Some, most perhaps, knew the story of the desolation of St John’s. In small communities sexual scandal has a half-life as long and corrosive as radium. Tavanter had come to St John’s, his first parish, from Oxford in the spring of 1965. The obstacles in his modernizing path were formidable – the nagging poverty of his congregation and their almost pagan need for a style of religion he could not condone, let alone deliver. He had arrived with ideas of social mobility then popular in his theological college. He found a congregation which wanted a medieval preacher to take up residence in the manse with a suitable wife. They suspected his motives and eventually, worse still, his morals. For years they despised him while he fought to love them without hatred.
He blamed himself for hiding the truth. So, on Advent Sunday 1975, a bright day full of unforgettable yellow sunlight which managed to flatten a landscape already steamrollered by nature, he announced from the pulpit that he was gay. It was a life-defining moment and one he replayed with pride on the video tape that was his memory. In a single practised sentence he gained the authority he deserved, and lost a congregation. At the end of the sermon the hymn had been Bunyan’s ‘To Be a Pilgrim’. He had sung it alone.
They drove him out: not in the hail of earth and invective that would have been his punishment a century before, but by indifference and malice. He preached to an empty church for six months. On saints’ days they would gather within sight of St John’s across the peat fields to pray. He watched them, his vestments blowing uselessly in the wind, while they raised their voices in hymn. He left within a year after a pauper’s funeral which he had briefly prayed might be his own.

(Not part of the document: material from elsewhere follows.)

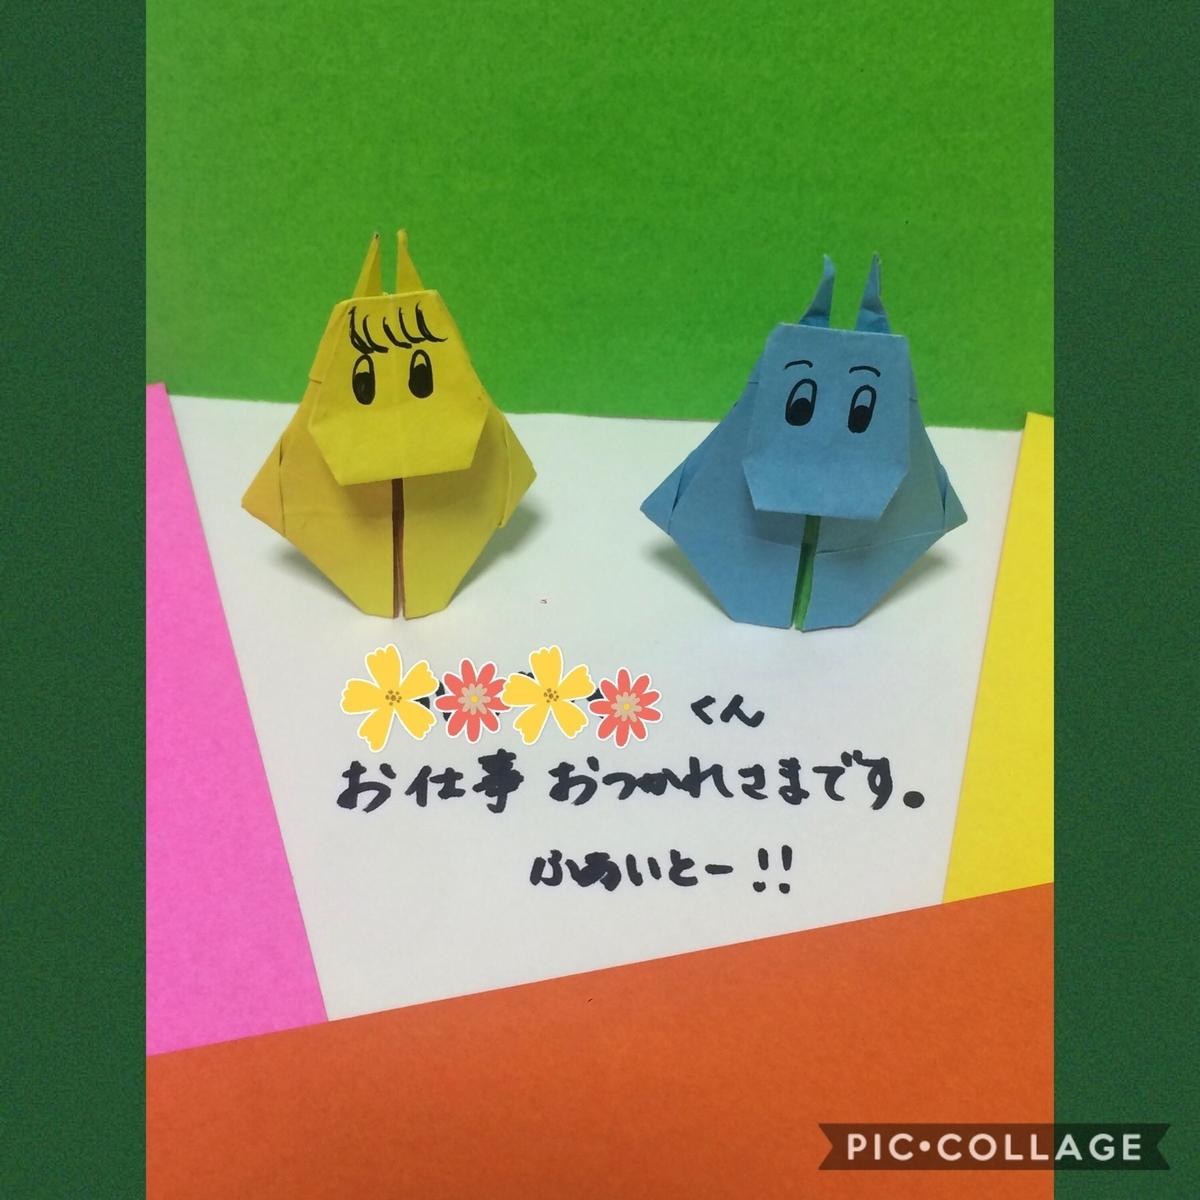 f:id:nanairo-r:20190913181052j:plain

It was God or chance that arranged the next episode in John Tavanter’s life. By then he did not care if it was someone else’s God. He joined a team ministry in Stepney, in London’s East End, where he helped the poor who asked no questions. In 1983 he used his savings to buy a plot of land on the canal bank beside St Barnabas’s Church so that a youth club could be added to the Victorian church hall. It cost him £26,000: the land was of little value to anyone else.
Within a month the diocese had decided to close St Barnabas and merge two congregations at a new church half a mile away. Developers wanted the land for executive housing – the gentrification of the inner city was then beginning to gather pace. The only obstacle was Tavanter’s half acre. He sold for £750,000.
When it came it was a delicious moment. The solicitors handed over the cheque in their wood-panelled offices in Bow High Street. Cold rain ran in rivulets down the fake mullioned window panes.
£750,000.
The figure hung in the air despite the weight of its astonishing implications. He returned to Cambridge and founded a centre for the care of terminally ill patients with AIDS. He called it, in one of many acts of retribution, the St John’s Centre. In return for transferring ownership of the hospice and its financing foundation to the local diocese he was appointed team vicar for a group of six Fen parishes, based at the vicarage of St John’s. He used the rambling building as a centre for the carers of AIDS patients, in need of somewhere to escape the pressures of the deathbed.
It was a victory and John Tavanter spent most of the rest of his life trying not to glory in it. Those parishioners who remembered him treated him like a ghost.
Dryden and Tavanter liked each other in that kind of instant superficial way which can be the first step in a long friendship. Tavanter saw in the reporter a fellow outsider, someone who watched life as a spectator, a game devised for ordinary, normal people. Dryden recognized in Tavanter the wry attitude of someone estranged from society, and not entirely unhappy with the arrangement. When his mother died he chose Little Ouse for the burial. Tavanter had been matter-of-fact, helpful and humane.
They walked to St John’s in silence. In the porch a single electric light bulb shone on a squalid scene: cigarette butts, a few bottles of cider, two condoms and a syringe, in a nest of old clothing and newspaper.
‘Kids,’ said Tavanter, nudging the nest with his foot. ‘The syringe is for show. But one day it won’t be.’ He flicked an imaginary strand of hair from his forehead, a constant mannerism which reminded nobody of the thick blond hair of which he had once been sinfully proud.
‘Place must have changed,’ said Dryden, expertly leading his witness on.
Tavanter was aware of the reporter’s skills but trusted him: in the past they had talked privately about stories and the result had been sympathetic and intelligent.
‘Some. About two centuries in forty years. When I first came to St John’s they didn’t have teenagers. They certainly didn’t look like teenagers – they had the same windblown faces and hand-me-down clothes as their parents. But they dreamed then about the same mundane things: owning a TV, running a car, sex and marriage. I don’t think I married a woman at St John’s who didn’t turn out to be pregnant at the altar.’